Tuesday, January 27, 2015

A Short History of Hillsborough County: Part 2 of a Series

1710 Map of Florida, TBHC Collection
Few, if any, of Florida's indigenous people survived beyond the 1700s.  Once numbering in the hundreds of thousands, the native population was decimated by European-introduced diseases, slave raids and warfare with both explorers and the Creek and Yamassee Indians from present-day Georgia and Alabama.  Handfuls of survivors were probably taken to Cuba by the Spanish when Florida came under English control in 1763.  Archaeological evidence discovered at the southern end of the Courtney Campbell Causeway dates from this time and suggests Cuban fishermen and their Tocobaga workers left for Cuba when the Spanish government withdrew from Florida.

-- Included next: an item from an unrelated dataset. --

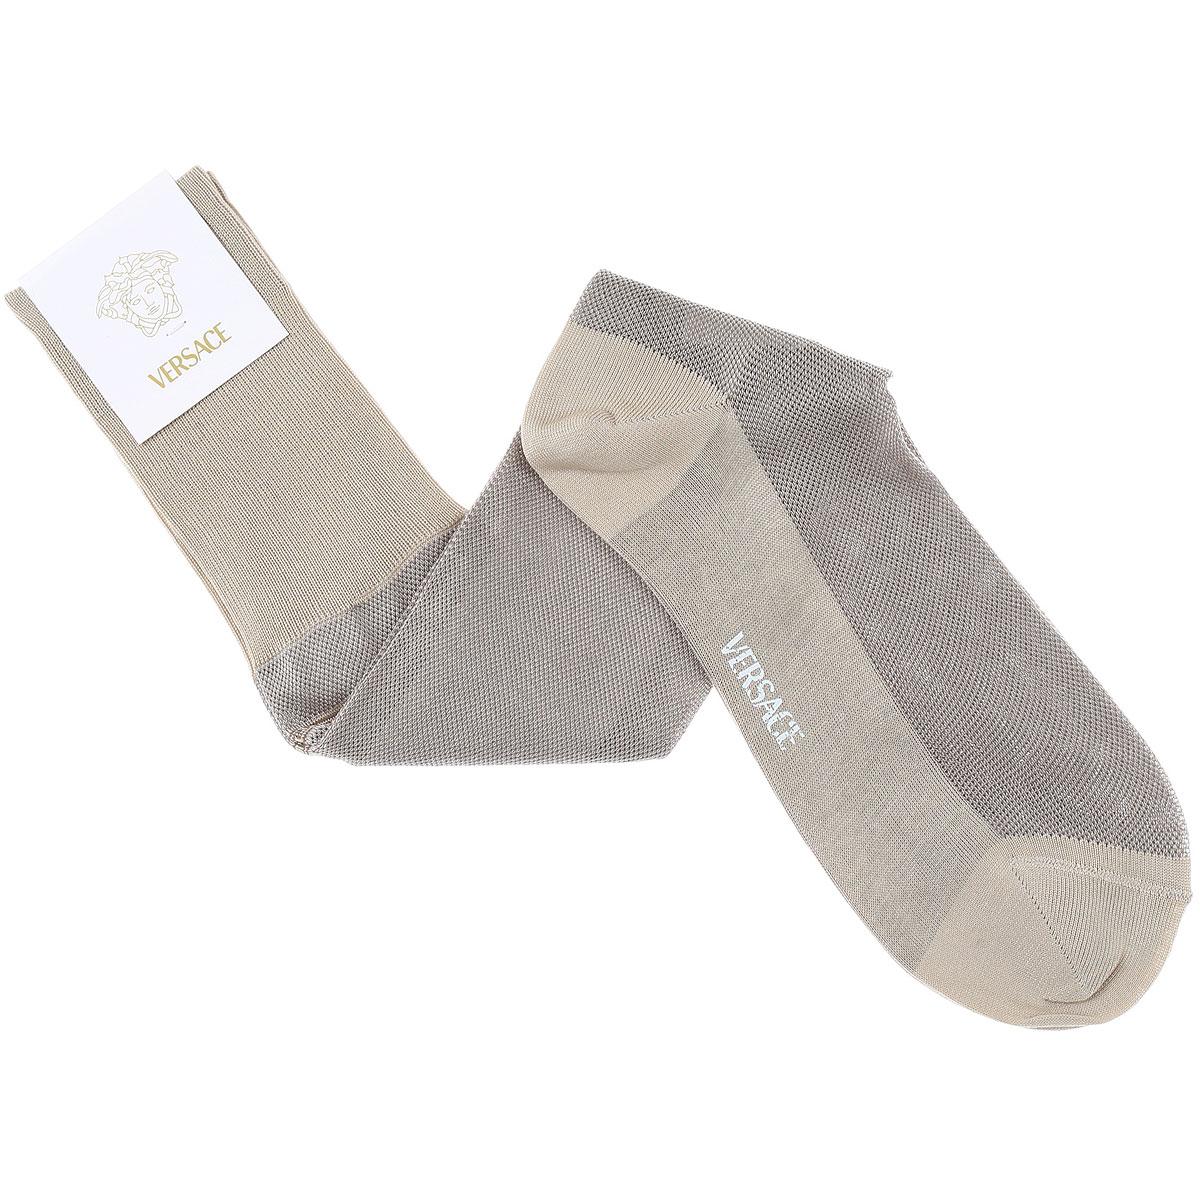 Versace Socks Socks for Men On Sale, Beige, Cotton, 2019, 11 (Shoe Size: EU 43 - US 9) 12 (Shoe Size: EU 44 - US 10)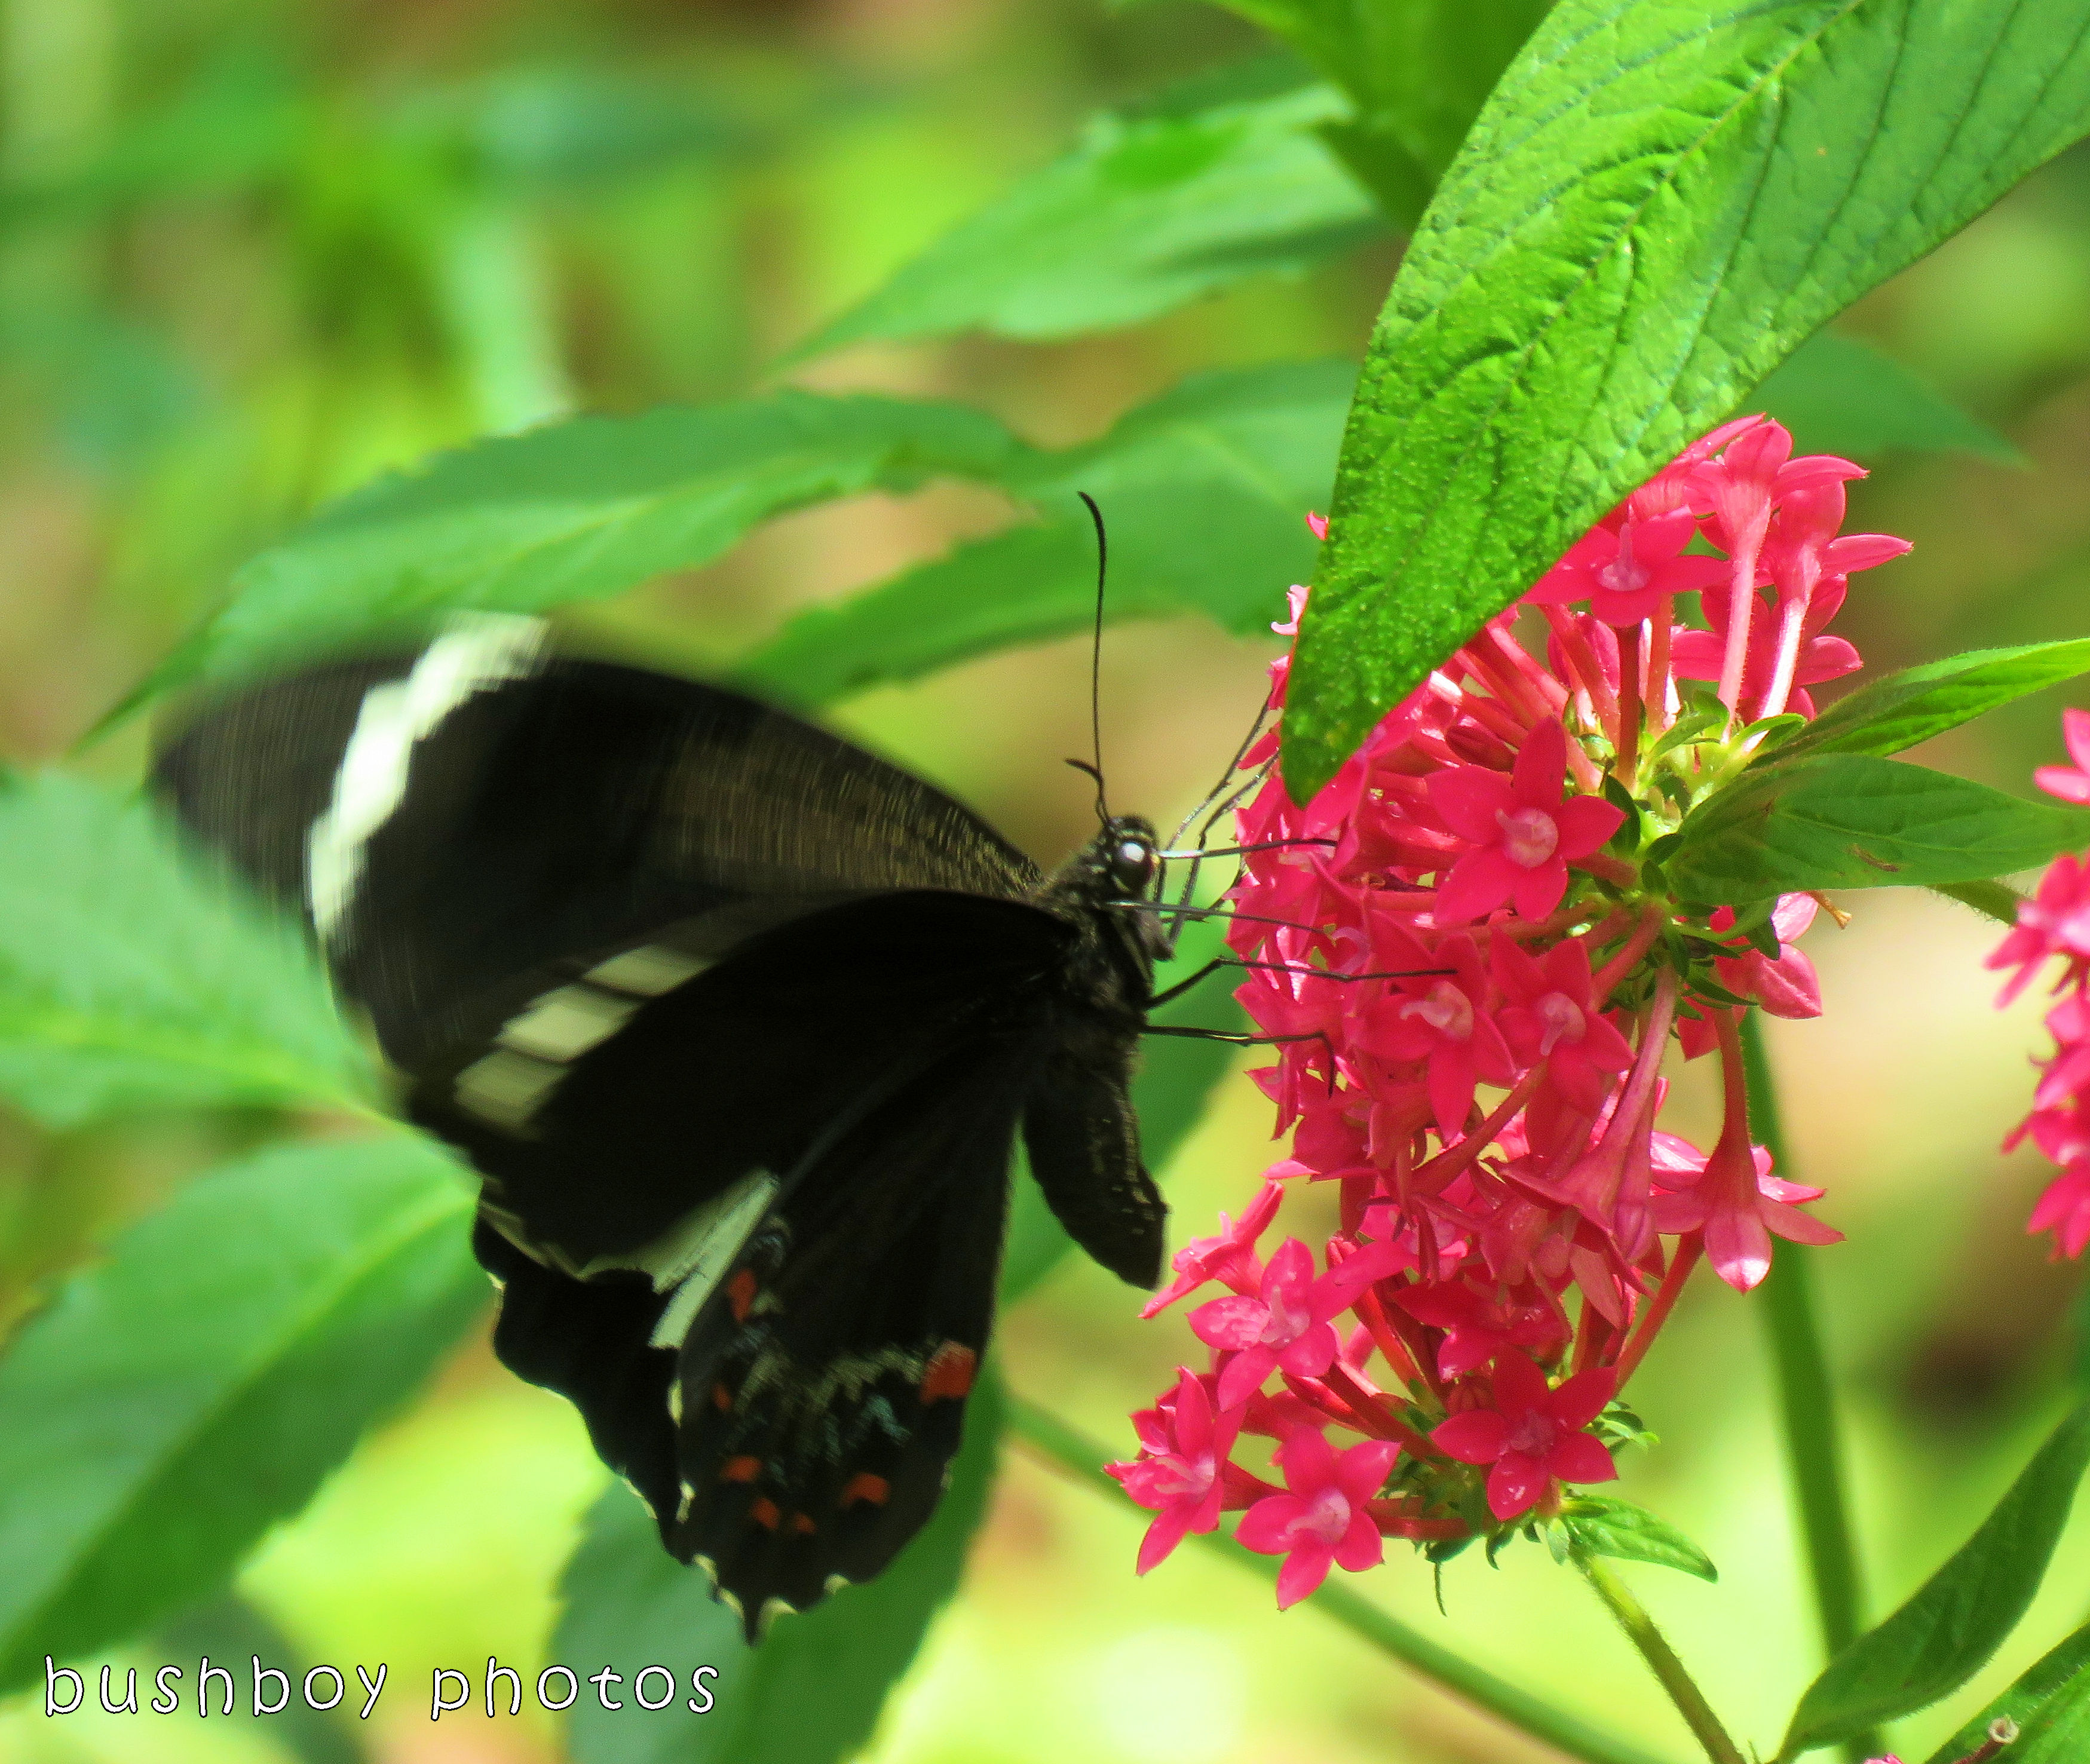 orchard swallowtail butterfly_named_binna burra_nov 2017

In the mid-1700s, Native Americans from the areas north of Florida began entering the Tampa Bay area.  These new residents had customs and traditions similar to their extinct southern neighbors, but there were also differences.  The newcomers, later dubbed Seminoles, were a composite of a number of groups, including Creek, Yamassee and Apalachee, plus Africans, both freedmen and runaway slaves from colonial (later American) plantations.

Lord Hillsborough
Despite Florida being the first site of European colonization, Americans paid it little attention.  When control of the territory transferred from Spain to England in 1763, Florida was divided into East and West Florida, becoming the 14th and 15th British Colonies.  It was during this era that Hillsborough Bay and the Hillsborough River were named in honor of Lord Hillsborough, Secretary of State of the British Colonies under King George III.  These southernmost colonies remained loyal to the crown during the American Revolution and at the end of the conflict (1783) Spain resumed ownership.

The Second Spanish Period (1783 - 1921) was marked by the growing conflict between the Seminoles and U. S. citizens living on either side of Florida's northern border.  Spain was powerless to stop the agressors on either side.